Rumors have been swirling the last few months concerning the marriage of Tampa Bay Buccaneer quarterback Tom Brady and his supermodel wife, Gisele Bundchen –speculation exacerbated by the future Hall of Famer’s surprise eleven-day absence from training camp earlier this summer.

Brady and Bundchen have two children together, and the quarterback is father to another son from a previous relationship.

Reports suggest Brady’s decision to unretire from the NFL fueled the marital and family tension – a fact seemingly alluded to in an interview with Bundchen that was released earlier this week.

Of course, family dynamics are fluid and complex. Very few issues in a marriage are ever attributable to just one thing. In a bizarre turn several years ago, Brady referred to his wife as a “witch” who makes an “altar” to him before games, verbally repeating a series of mantras and even using healing stones and other rituals. Media laughed. But these things are no laughing matter.

But speaking to Elle magazine, which was just published this week, Gisele Bundchen reflected on her husband’s football career:

“Obviously, I have my concerns—this is a very violent sport, and I have my children and I would like him to be more present,” she said.

Has she asked him to retire or pull back?

“I have definitely had those conversations with him over and over again,” she added. “But ultimately, I feel that everybody has to make a decision that works for [them]. He needs to follow his joy, too.”

Career tension in a marriage is nothing new. For time immemorial, husbands and wives have navigated the challenges of work and home life. Even though things changed dramatically with the advent of the industrial revolution, which took (mostly) men from the farms and fields near home and put them in factories and offices farther away, balancing labor demands and life with the family is an age-old issue.

But do you have the luxury of following or pursuing your “joy” if that pursuit is at odds with your spouse’s wishes – and comes at the expense of your children?

Scripture may be silent on how parents might make their living, but it’s more explicit regarding how we should behave toward our children.

We read fathers are supposed to teach their children (Proverbs 22:6), spend time with them (Deut. 6:6-9), show compassion (Psalm 103:13), be a good example (2 Cor. 3:2-3), be careful not to provoke them (Col. 3:21) – all the while correcting them in love (Hebrews 12:7-11).

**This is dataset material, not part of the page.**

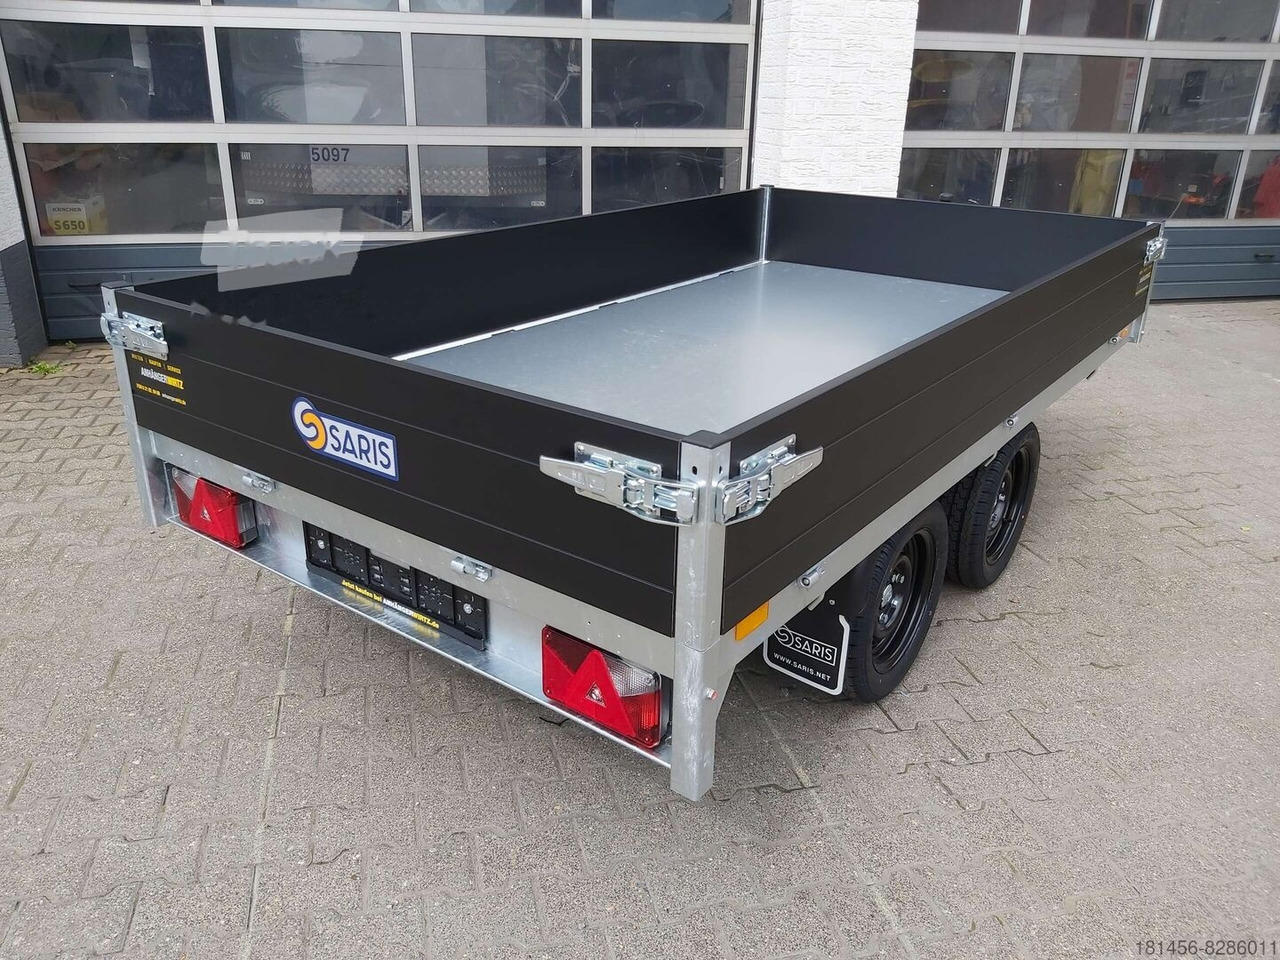 Saris Heckkipper K1 276 150 2700kg elektro direkt verfügbar jetzt kaufen - Tipper trailer: picture 4

Next to our relationship with God, our marriage and our role as dad or mom are our major responsibilities. You won’t find anything in the Bible giving dads or moms a free pass to selfishly pursue their hopes and dreams to the detriment of a spouse or children.

The pursuit of personal fulfillment has become big business, especially in an increasingly well-heeled world. It’s important to take care of ourselves, and fun and leisure are important elements of a healthy life. But when you become a parent, you’re surrendering and sacrificing some of your freedom for the good of your children.

The very best news is that in the end, Christian moms and dads who give up some of their time and interests for the sake of their children may not really be giving up anything meaningful at all.

Why?

Gisele Bundchen suggested Tom Brady needed to follow his “joy” on the gridiron – but true and lasting satisfaction will never be found on the football field.

“I have no greater joy than to hear that my children are walking in the truth,” we read in one of John’s letters (3 John 4) – a reminder that what we’re “giving up” as parents is that which we cannot keep – and receiving in return that which we cannot lose.